You should NOT wait until you have covered all of the associated homework assignments and lecture content to start the project. You should develop the project iteratively as you progress throughout the semester, integrating concepts one at a time into your project code.
Related Content
The following homework assignments and lectures may be useful for this project:
-
The LoggerSetup homework is useful for learning how to set up and configure
log4j2
, which will be helpful when it comes to debugging multithreaded code. -
The MultiReaderLock homework is useful for creating a custom-made conditional read/write lock. The conditional lock class can be used directly for your project. It also illustrates how to use a conditional lock to make a data structure class thread-safe.
-
The PrimeFinder homework is useful for creating a work queue that tracks pending work. This work queue class can be used directly for your project. It also illustrates how to use this work queue and create tasks for non-recursive problems.
-
The synchronization lecture code illustrates how to use a conditional read/write lock to make a data structure class thread-safe.
-
The work queues lecture code illustrates how to use a work queue and create tasks for recursive problems. If your approach is not recursive, this example might not be helpful for this project.
You can modify homework assignments and lecture code as necessary for this project. However, make sure your code is passing all of the tests and you understand the concepts before using the code.
Suggestions
Do not start on this project until you understand the multithreading code shown in class. If you are stuck on the code shown in class, we are here to help!

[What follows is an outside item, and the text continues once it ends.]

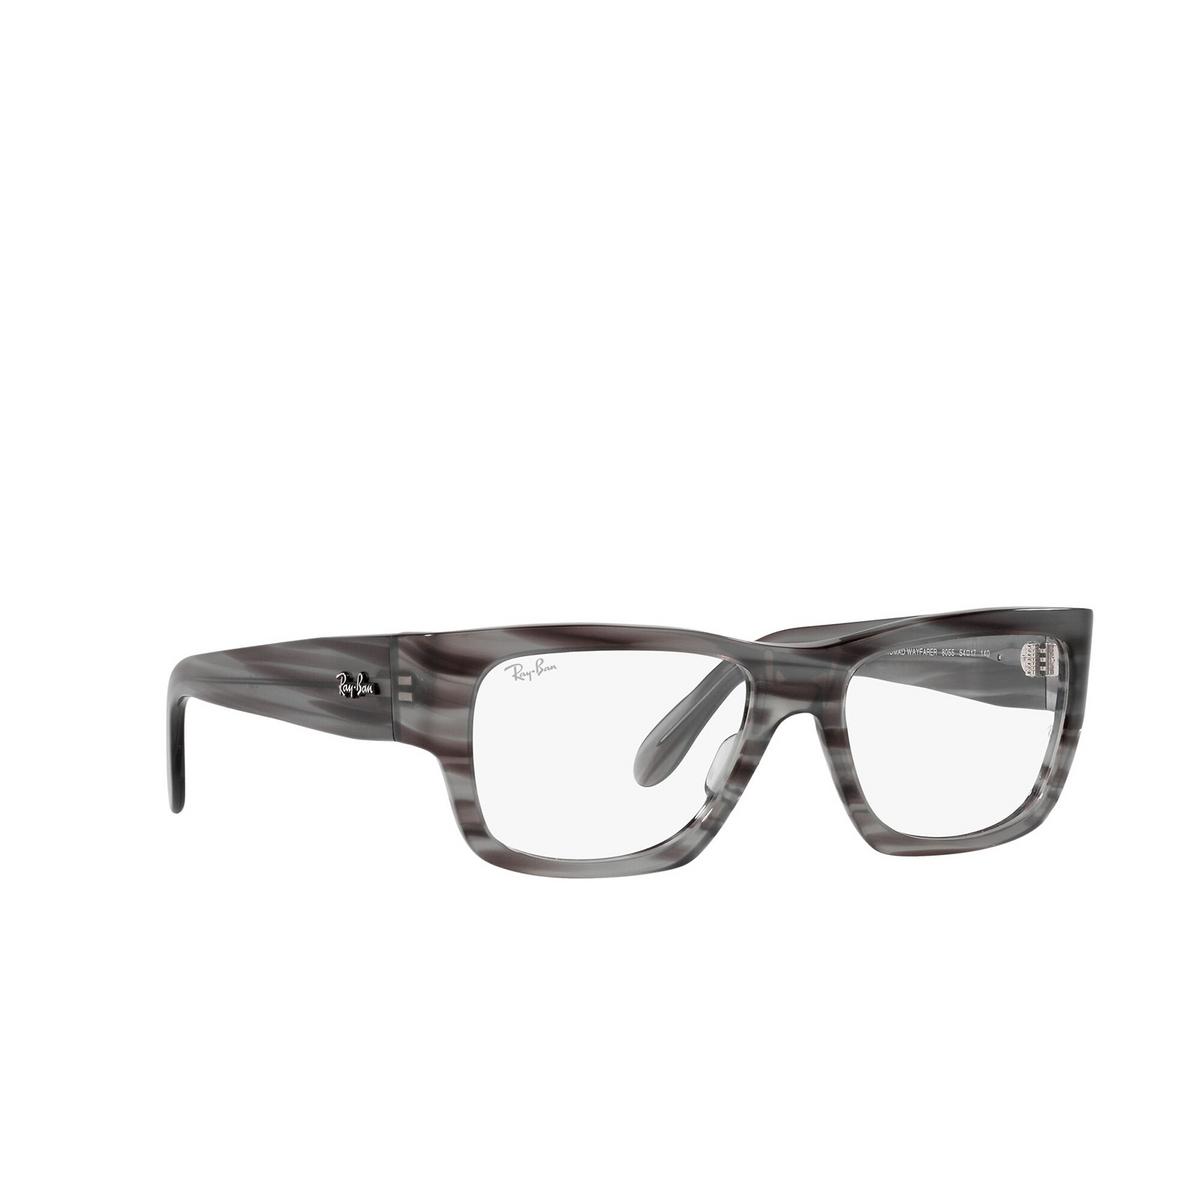 Ray-Ban® Square Eyeglasses: Nomad Wayfarer RX5487 color Striped Grey 8055 - three-quarters view.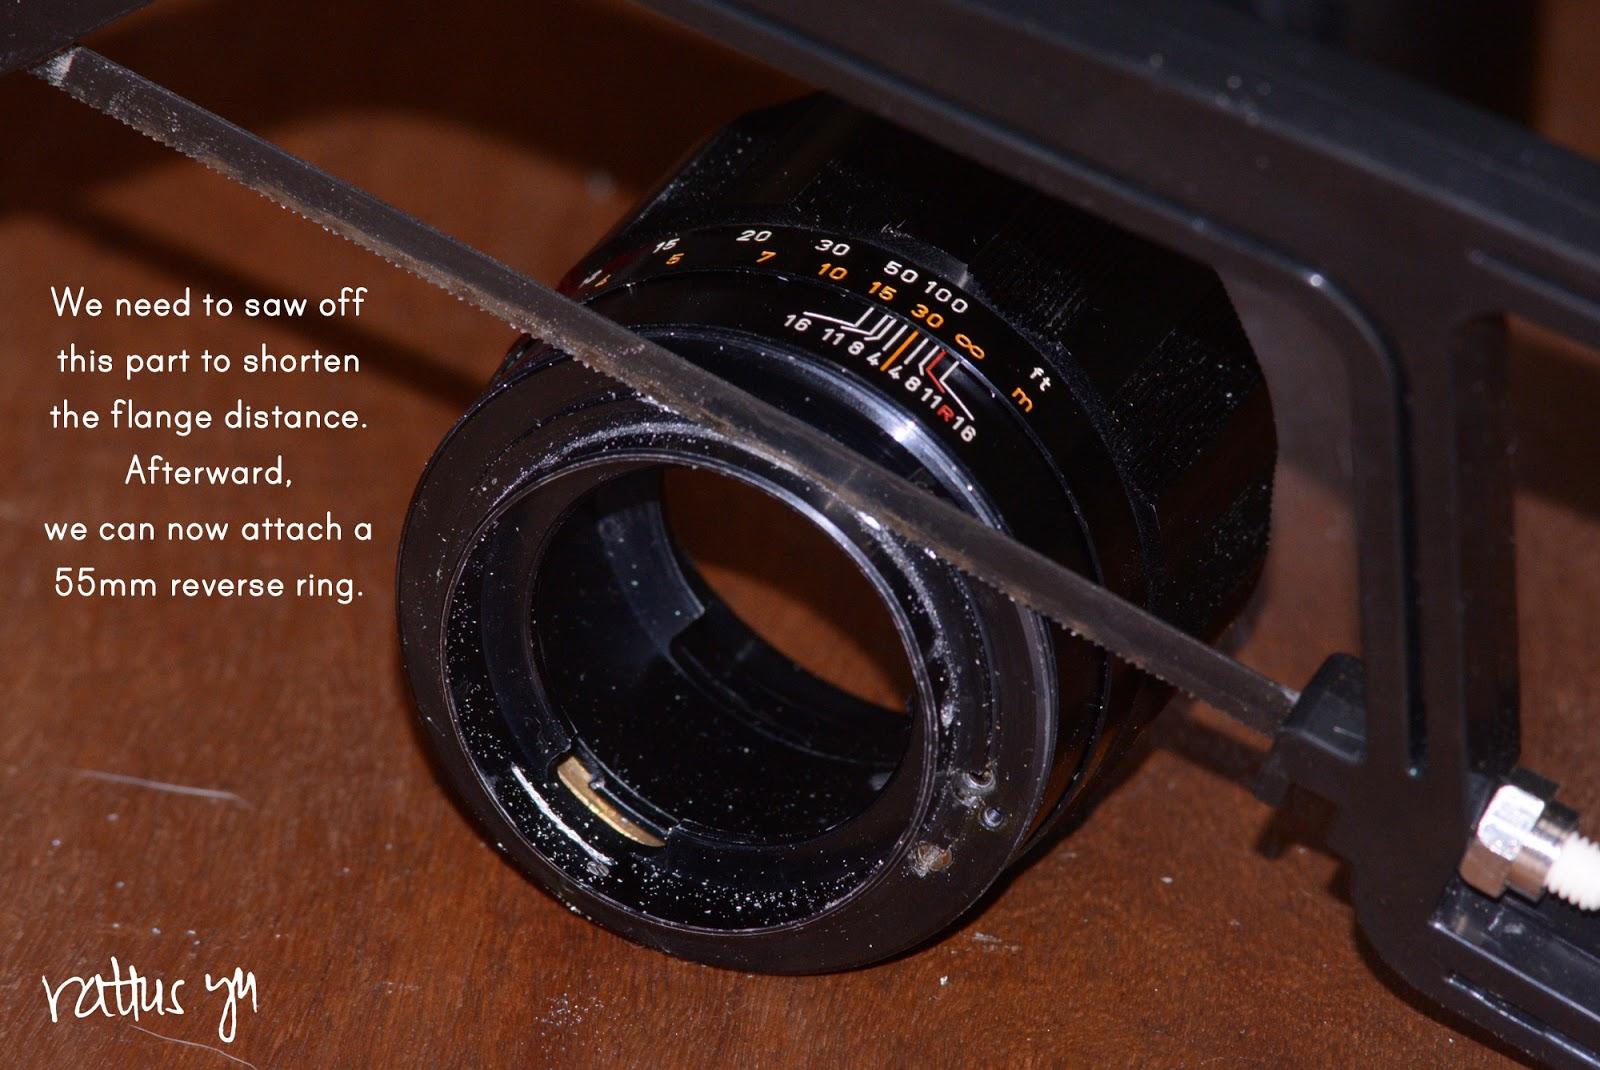 Canon FL 135mm f/2.5, Convert to Nikon F Mount

Your goal should be to get to testable code as quickly as possible first, and then developing iteratively to pass the functionality tests. One possible breakdown of tasks are:
-
Configure
log4j2
add debug messages in your code. Once you are certain a class is working, disable debug messages for that class in yourlog4j2.xml
configuration file. -
Extend your previous inverted index to create a thread-safe version using a custom-made conditional read/write lock.
-
Create new code to build the index using a work queue (creating one task per file). Make sure your code still passes the tests.
-
Test your code in a multitude of settings and with different numbers of threads. Some issues will only come up occasionally, or only on certain systems.
-
Test your code with logging enabled. Then, test your code with logging completely disabled. Your code will run faster without logging, which sometimes causes some concurrency problems.
Do not worry about efficiency until after your first code review.
It is important to get started early so you have plenty of time to think about how you want to approach the project and start coding iteratively. Planning to complete the code in too large of a chunk is a recipe to get stuck and fall behind!